# Ducks in the family!



## Ciddian (Mar 15, 2006)

Ha! I am so excited! Apparently some of my relatives outside of TO are getting into ducks!

Made me wonder if any of you guys keep them, or any other farm type animals?

I have no idea what type at all but I'll post pics when I can  My daughter is going to be so excited! (of freaked... she has yet to meet a duck lol)


----------



## Kerohime (Jan 10, 2011)

My cousins kept a pair of ducks... 
The ducklings are extremely cute, but they are really really messy if you keep them indoors or if you dont have a pond. They just kept the ducks in the back yard and reared the ducklings indoors with soggy dog chow (Dont know what is the conventional method, but that seemed to work).


----------



## Ciddian (Mar 15, 2006)

oohh these guys will def be outside.  Turns out my brother n law will be getting chickens as well! Meat birds and egg layers.... UBER excited!


----------



## MsGardeness (Apr 12, 2010)

Do you know when they will be getting the ducks or what kind of ducks? I think it's neat!


----------



## arapaimag (Dec 6, 2007)

I've owned call ducks and black swans (no special permit needed for black swans) up till about 7 years ago outside March till November. 

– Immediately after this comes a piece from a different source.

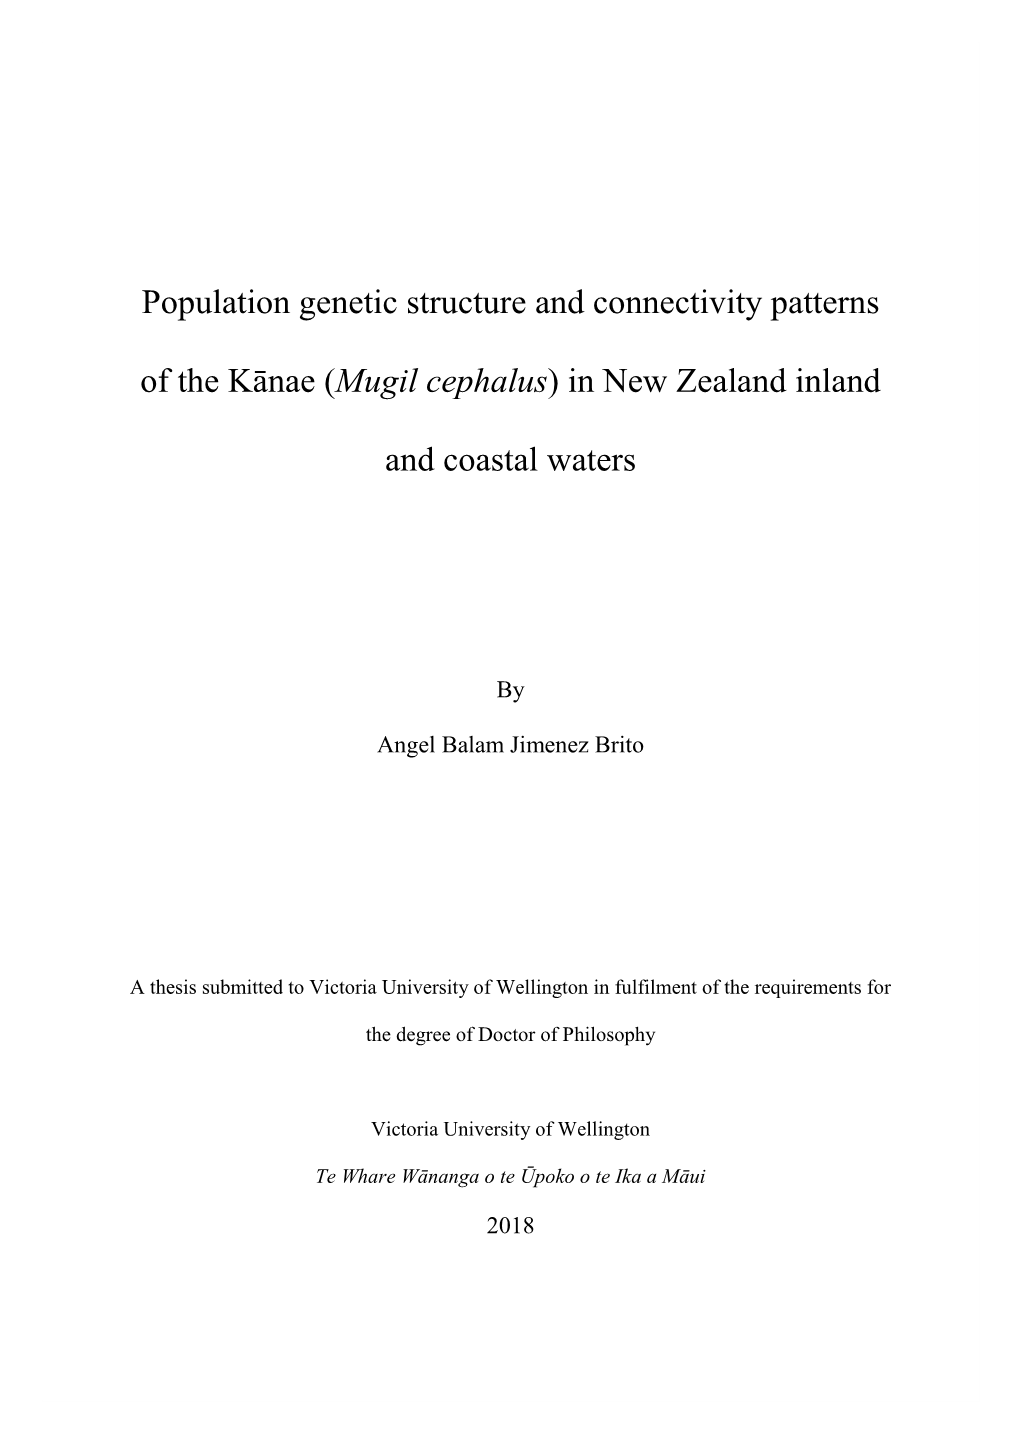 Population Genetic Structure and Connectivity Patterns of the Kānae (Mugil Cephalus) in New Zealand Inland and Coastal Waters
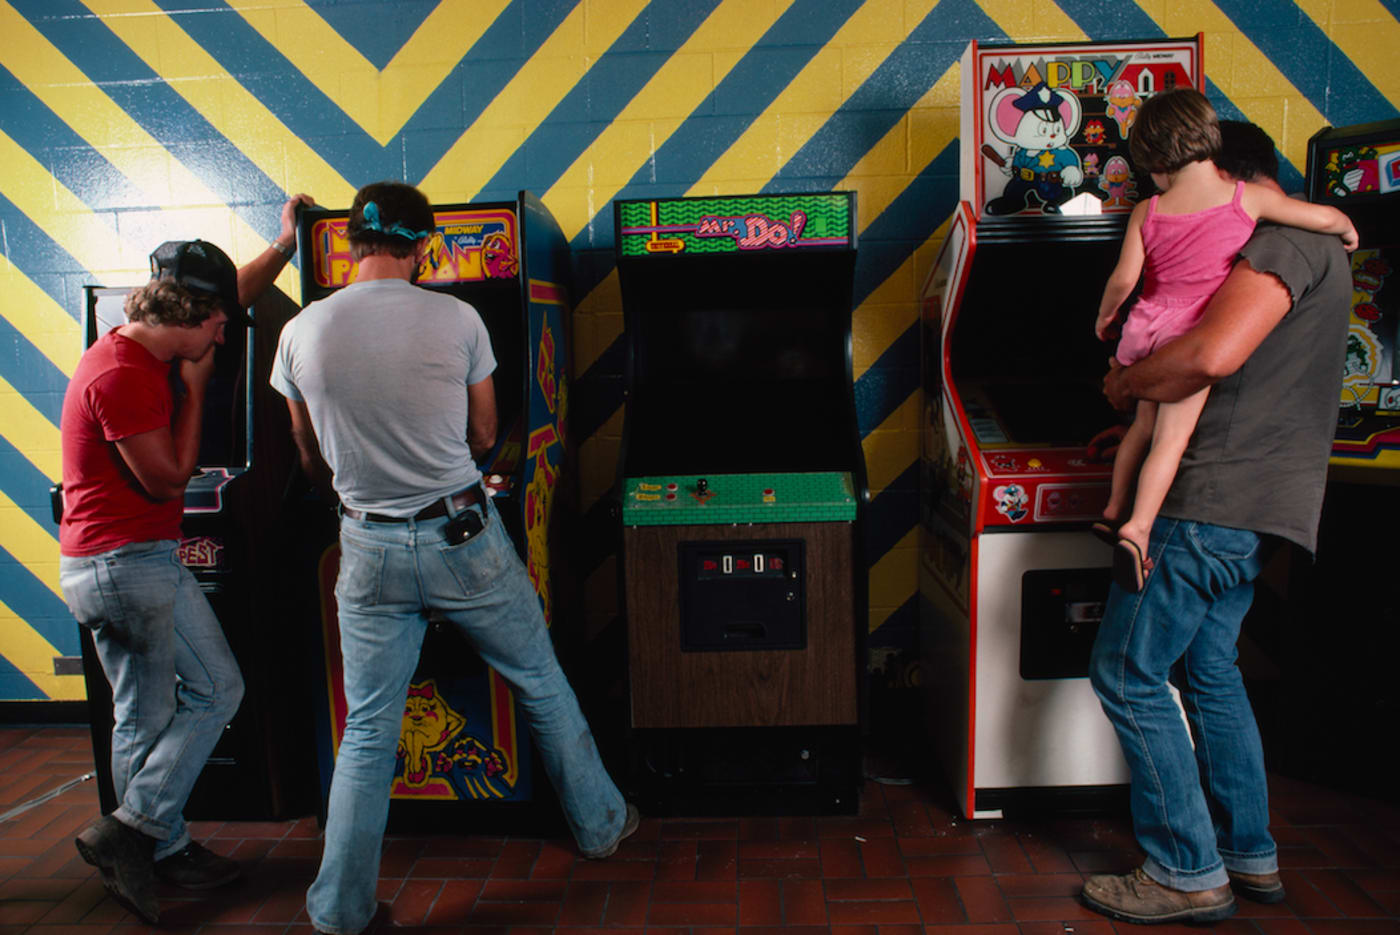 Xxx Video Games Www Com - The 30 Best Arcade Video Games of the 1990s | Complex

A friend then overwintered them for me on his farm and they did not make it one year so I have never replaced them.

Still do keep pheasants (outside all year) and cage birds (outside in warm months).


----------



## Sameer (Sep 30, 2007)

Will the ducks be sharing the aquarium as well?


----------



## Ciddian (Mar 15, 2006)

MsGardeness said:


> Do you know when they will be getting the ducks or what kind of ducks? I think it's neat!


Ohh pretty sure its two Pekings, as far as the chickens I am not too sure. I am sooo excited, and very much so for my 2 year old. She's terribly fond of our cranky parrot and helps care for the finches. So baby ducks and chickens should be a real hoot for her. 



arapaimag said:


> I've owned call ducks and black swans (no special permit needed for black swans) up till about 7 years ago outside March till November.
> 
> A friend then overwintered them for me on his farm and they did not make it one year so I have never replaced them.
> 
> Still do keep pheasants (outside all year) and cage birds (outside in warm months).


Pheasants? That is very awesome! Someone else mentioned call ducks as well, I'll have to bring that up to my niece and see what she thinks



Sameer said:


> Will the ducks be sharing the aquarium as well?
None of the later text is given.